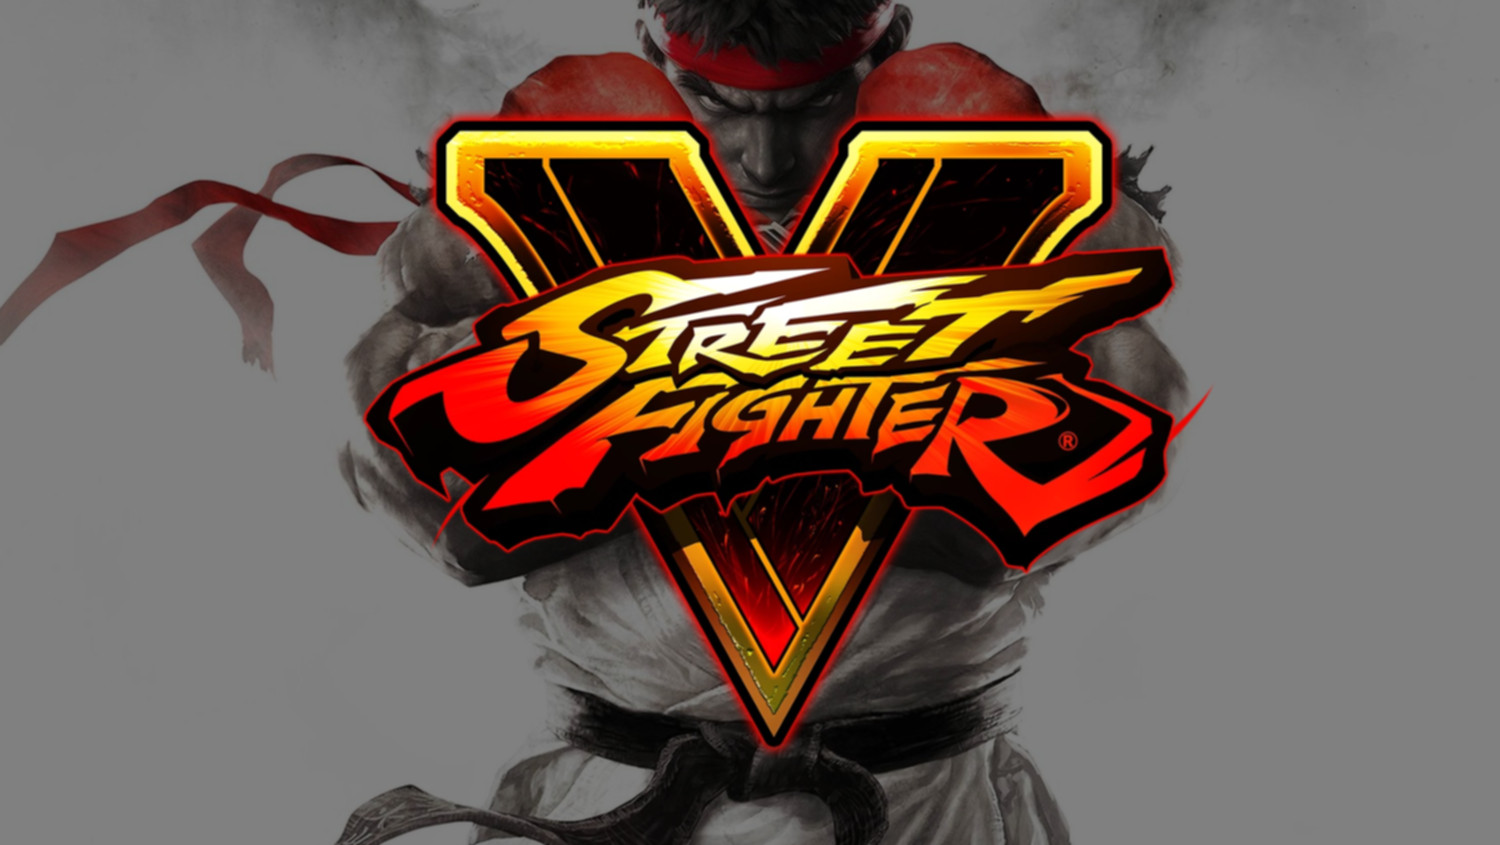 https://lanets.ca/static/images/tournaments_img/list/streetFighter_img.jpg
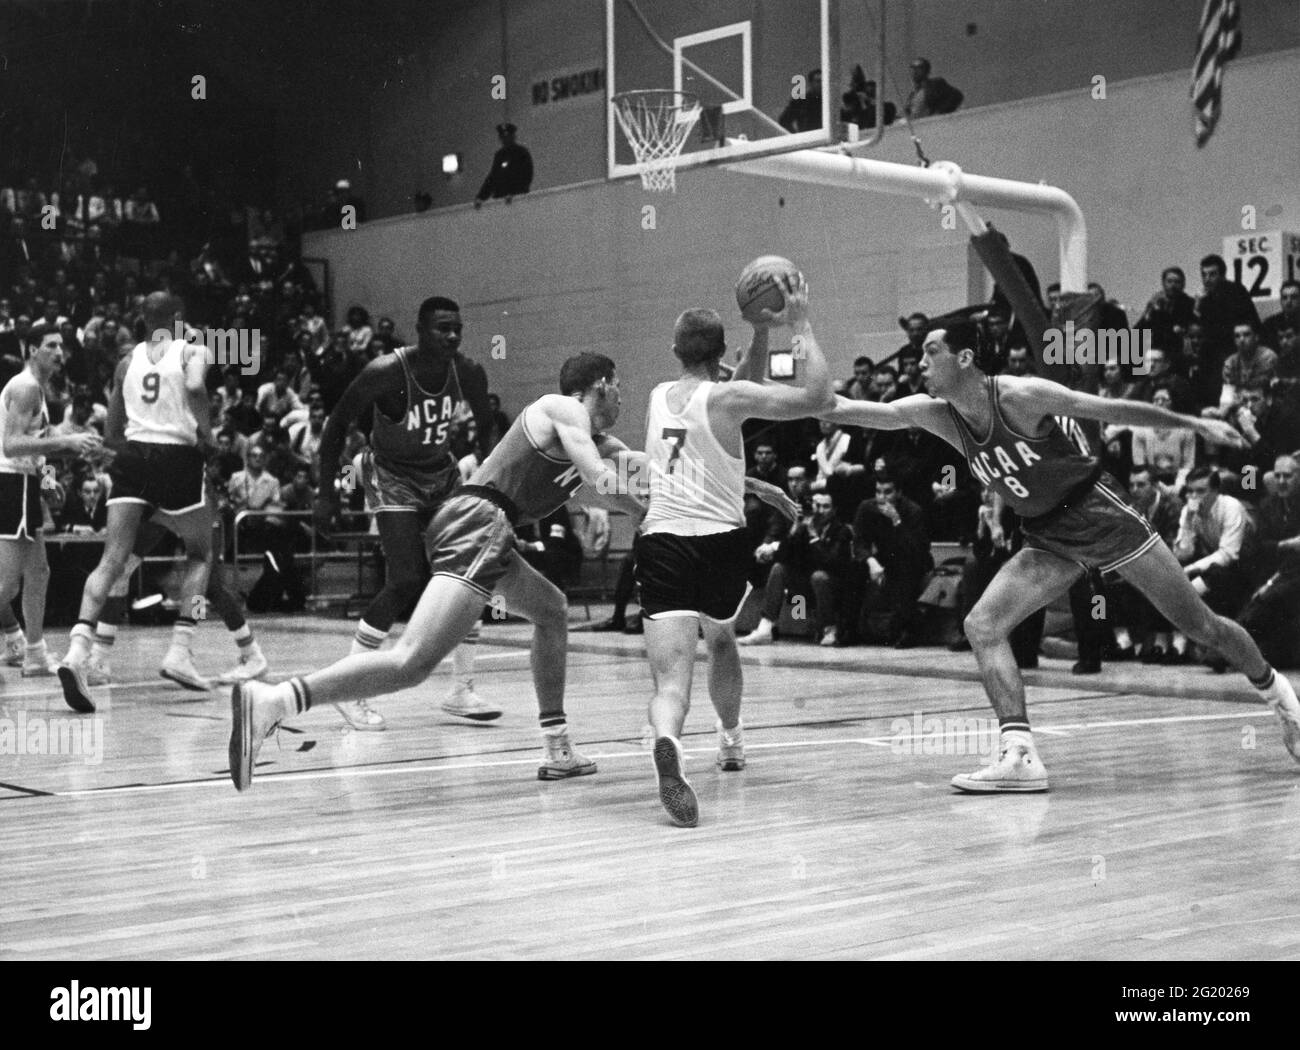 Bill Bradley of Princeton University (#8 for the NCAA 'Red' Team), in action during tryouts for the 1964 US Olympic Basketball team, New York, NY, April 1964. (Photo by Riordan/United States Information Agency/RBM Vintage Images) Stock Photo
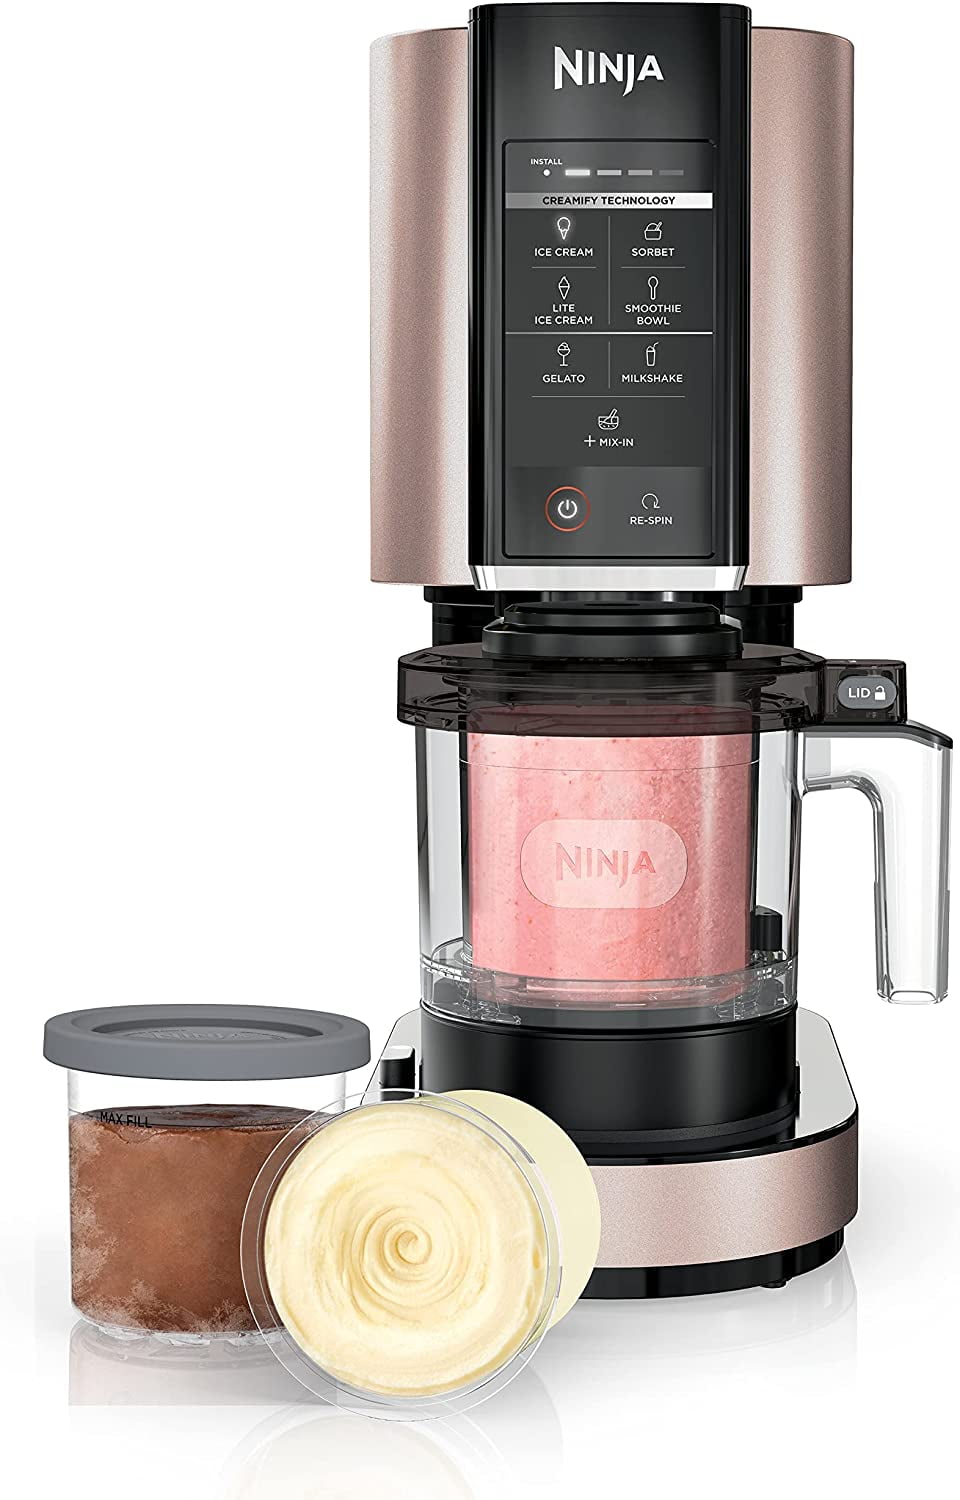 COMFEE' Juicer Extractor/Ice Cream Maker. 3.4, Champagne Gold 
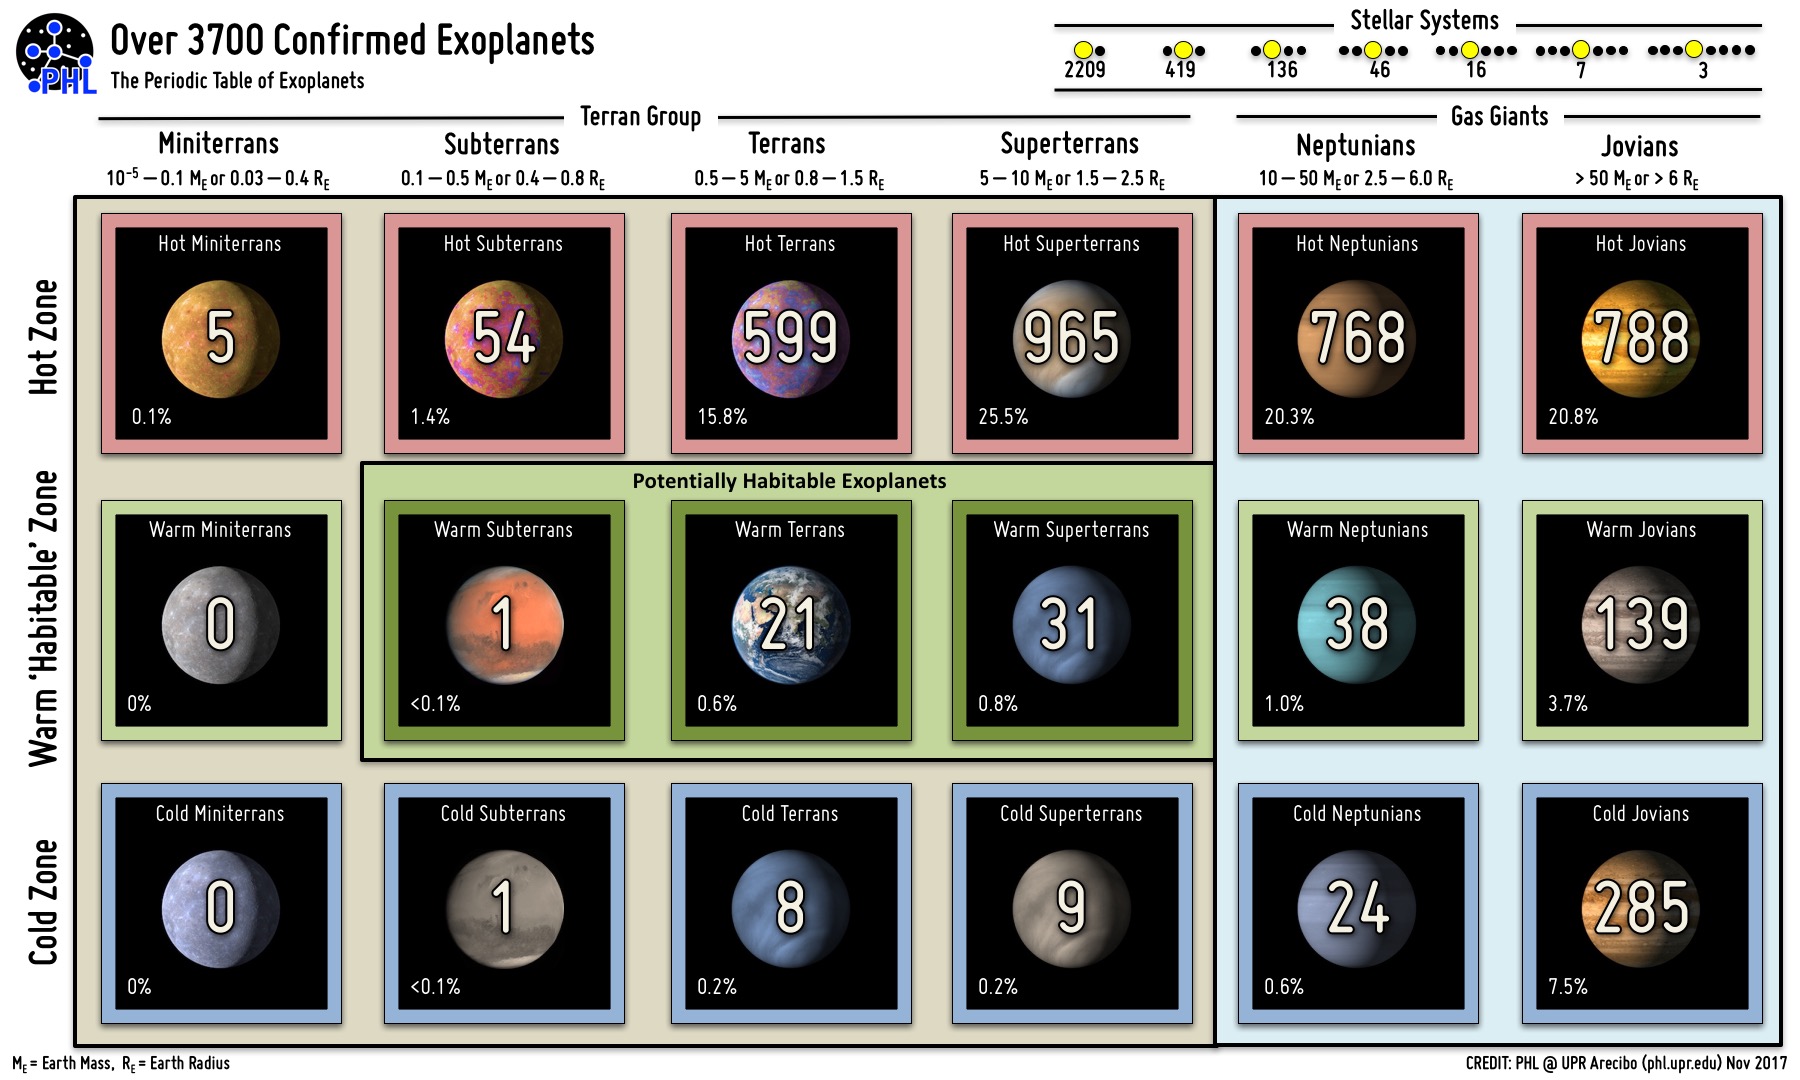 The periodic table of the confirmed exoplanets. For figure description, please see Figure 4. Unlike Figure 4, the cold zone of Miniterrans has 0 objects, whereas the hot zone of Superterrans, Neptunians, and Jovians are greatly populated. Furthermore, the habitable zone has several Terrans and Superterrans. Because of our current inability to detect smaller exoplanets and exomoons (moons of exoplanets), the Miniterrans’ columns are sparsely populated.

※

EXERCISE OBJECTIVE: Please restate the lines above exactly, starting at the first line of the data and stopping at the line containing "COMFEE' Juicer Extractor/Ice", which is included. Omit pictures.

SOLUTION TO THE PROBLEM:
 https://lanets.ca/static/images/tournaments_img/list/streetFighter_img.jpg
 Bill Bradley of Princeton University (#8 for the NCAA 'Red' Team), in action during tryouts for the 1964 US Olympic Basketball team, New York, NY, April 1964. (Photo by Riordan/United States Information Agency/RBM Vintage Images) Stock Photo
 COMFEE' Juicer Extractor/Ice Cream Maker. 3.4, Champagne Gold 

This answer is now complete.